The State Board of Undertakers ordered the licenses and registrations of each of the plaintiffs to be revoked for cause shown. These orders of revocation were appealed to the Court of Common Pleas of Dauphin County. The appeal was heard before that Court, and the order of the State Board of Undertakers was approved and the appeal dismissed. An appeal was taken from the findings of the Court of Common Pleas of Dauphin County to the State Supreme Court, State Board of Undertakers v. Frankenfield, 329 Pa. 440, 198 A. 302, which Court held that the decision of the lower Court was a final adjudication of all the questions presented and affirmed the decree of the lower Court. The Supreme Court was of the opinion that the record showed that there was no irregularity in the proceedings which would justify a reversal of the order of the Court below.
The prayer of the bill is that the defendants be restrained by injunction from interfering with the business of the claimants so long as they comply with the reasonable requirements of the law of the Commonwealth of Pennsylvania, and also that they be directed to restore to the plaintiffs the right to do business.

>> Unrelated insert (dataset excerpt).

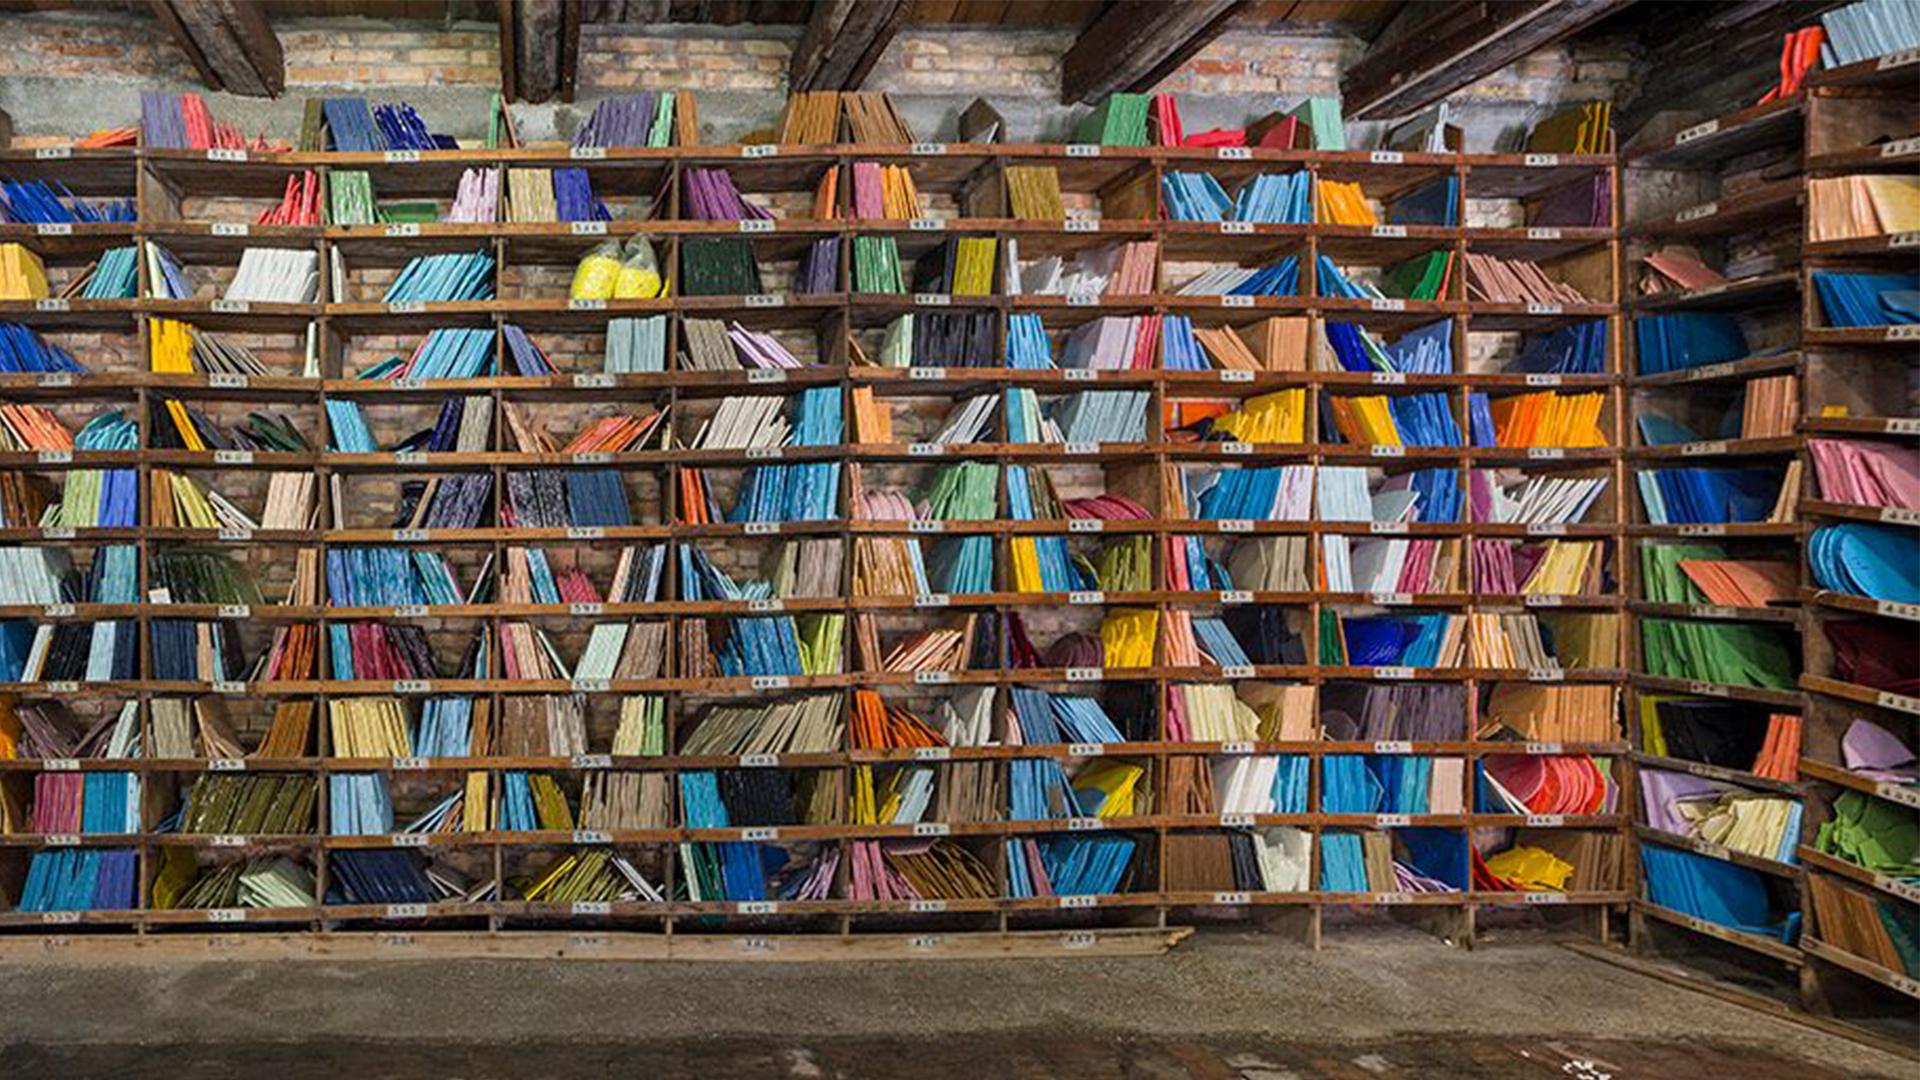 Orsoni -Colour-Library-Mozaïekatelier Colorito-Natasja Mulder
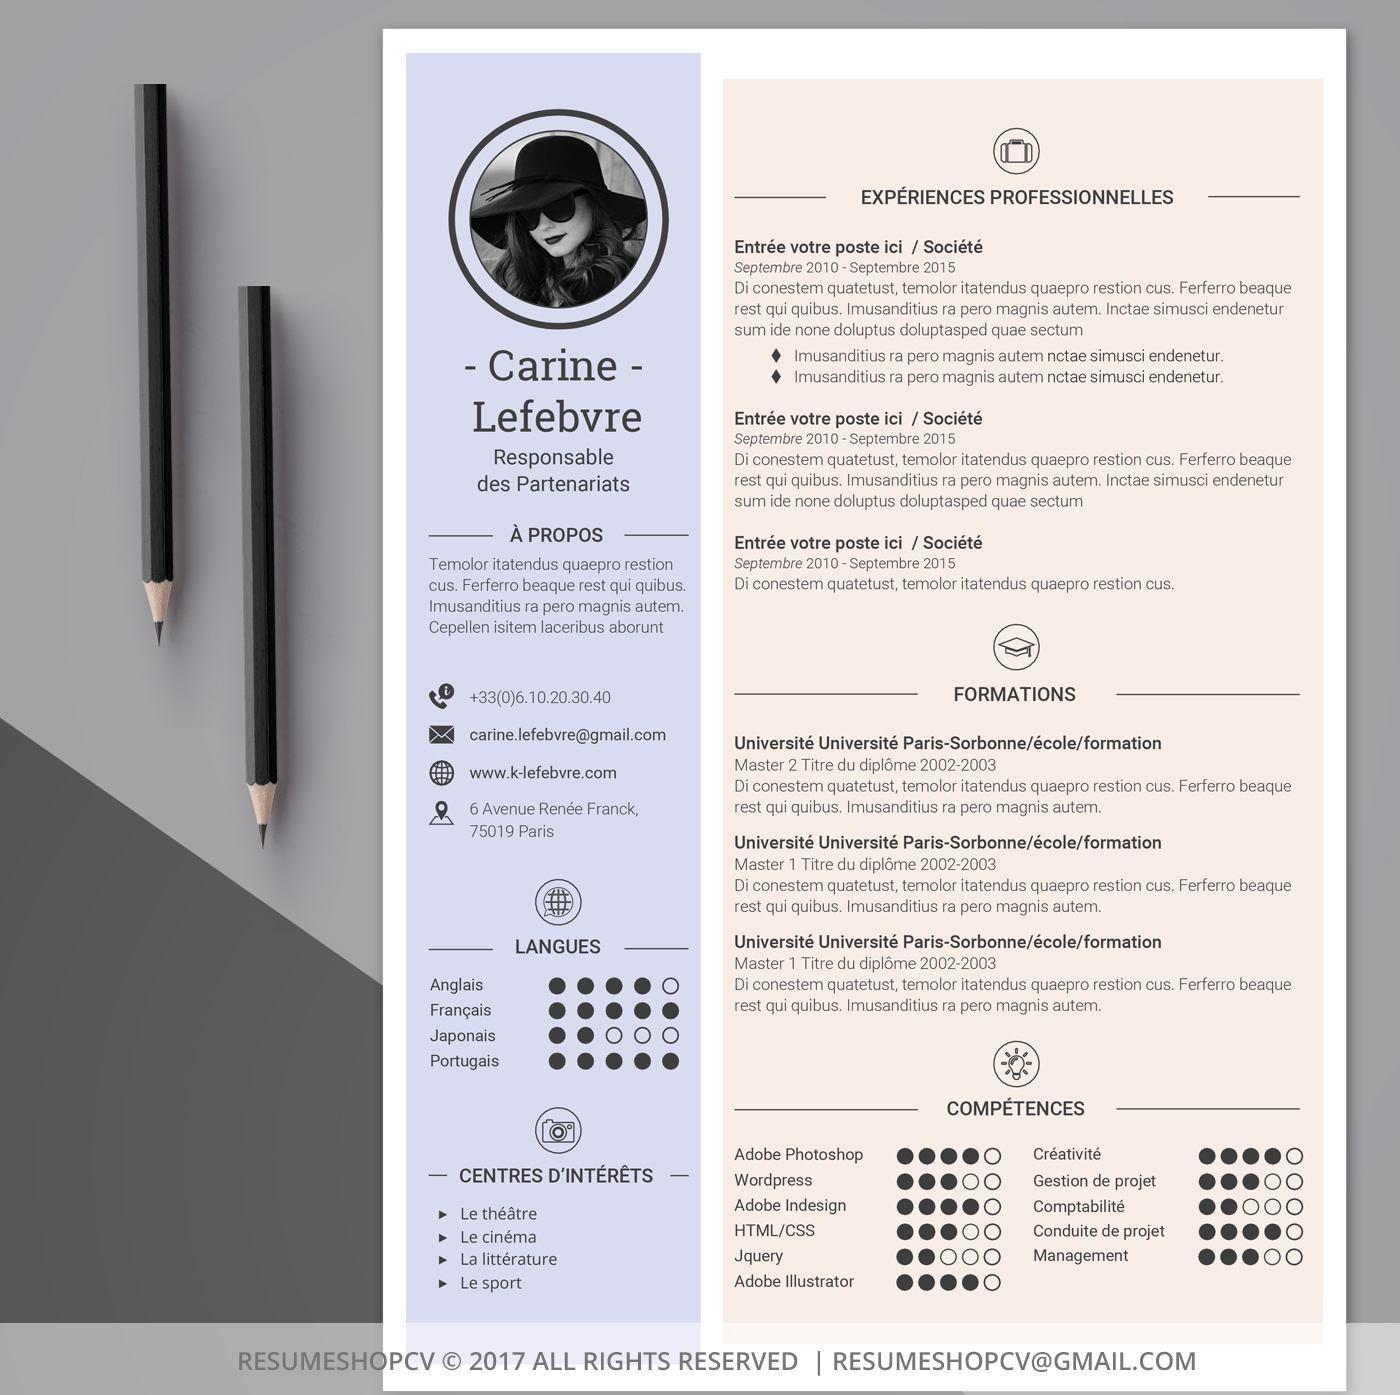 4 Cv Curriculum Vitae Professionnel Moderne Et Graphique Etsy Cv Curriculum Vitae Modele Lettre De Motivation Curriculum Vitae

The jurisdiction of this Court arises by reason of the fact that the bill alleges that the act of the Pennsylvania law creating the State Board of Undertakers and prescribing procedure before it is unconstitutional. 63 P.S.Pa. § 478a et seq. While this position has not been sustained, this Court may retain jurisdiction of the cause. Siler v. Louisville & Nashville R. Company, 213 U.S. 175, 29 S.Ct. 451, 53 L.Ed. 753.
The evidence establishes the fact that one of the members of the Board which revoked the licenses was a member of the association which prosecuted the cases against the licensees before the Board, and is sufficient to support a finding that he was biased and prejudiced against them. There is no evidence that he had any such direct, personal, substantial, pecuniary interest in the case as would amount to a disqualification, which in itself would constitute an infringement of due process. Tumey v. Ohio, 273 U.S. 510, 47 S.Ct. 437, 71 L.Ed. 749, 50 A.L.R. 1243. The proceedings before the Board were irregular in some particulars, but not to the extent that the plaintiffs were denied full opportunity to present their case to the Board and we do not think that the manner in which the proceedings were conducted constitutes a denial of due process within the meaning of that term.
Thus the plaintiffs’ case for denial of due process comes down to a hearing before a biased (but not disqualified) administrative tribunal — a tribunal of which at least one member was also a member of the prosecuting body. The utmost that the plaintiffs can contend is that, up to the time when they took their appeal to the Dauphin County Court, they had been denied due process.
The law of Pennsylvania, 63 P.S.Pa. § 478j(a), provides for a full review of the proceedings before the Court of Common Pleas, of which the plaintiffs availed themselves. It is not suggested that there was any bias or disqualification existing in that Court or that the apparent irregularity in the dating of the Court’s first opinion was in any way a denial of due process. Nor is it alleged that the judgment of the state Court was obtained by fraud, as in Simon v. Southern R. Co., 236 U.S. 115, 35 S.Ct. 255, 59 L.Ed. 492.
The matter of the disqualification of certain members of the Board to sit was one of the grounds upon which the appeal to the Court of Common Pleas was taken. It was specifically called to the attention of that Court and considered by it. The ruling of the Court was that, inasmuch as no objection had been made to these persons sitting as members of the Board at the time of the hearing before it, there had been an implied waiver, and that the Court of Common Pleas could not consider it.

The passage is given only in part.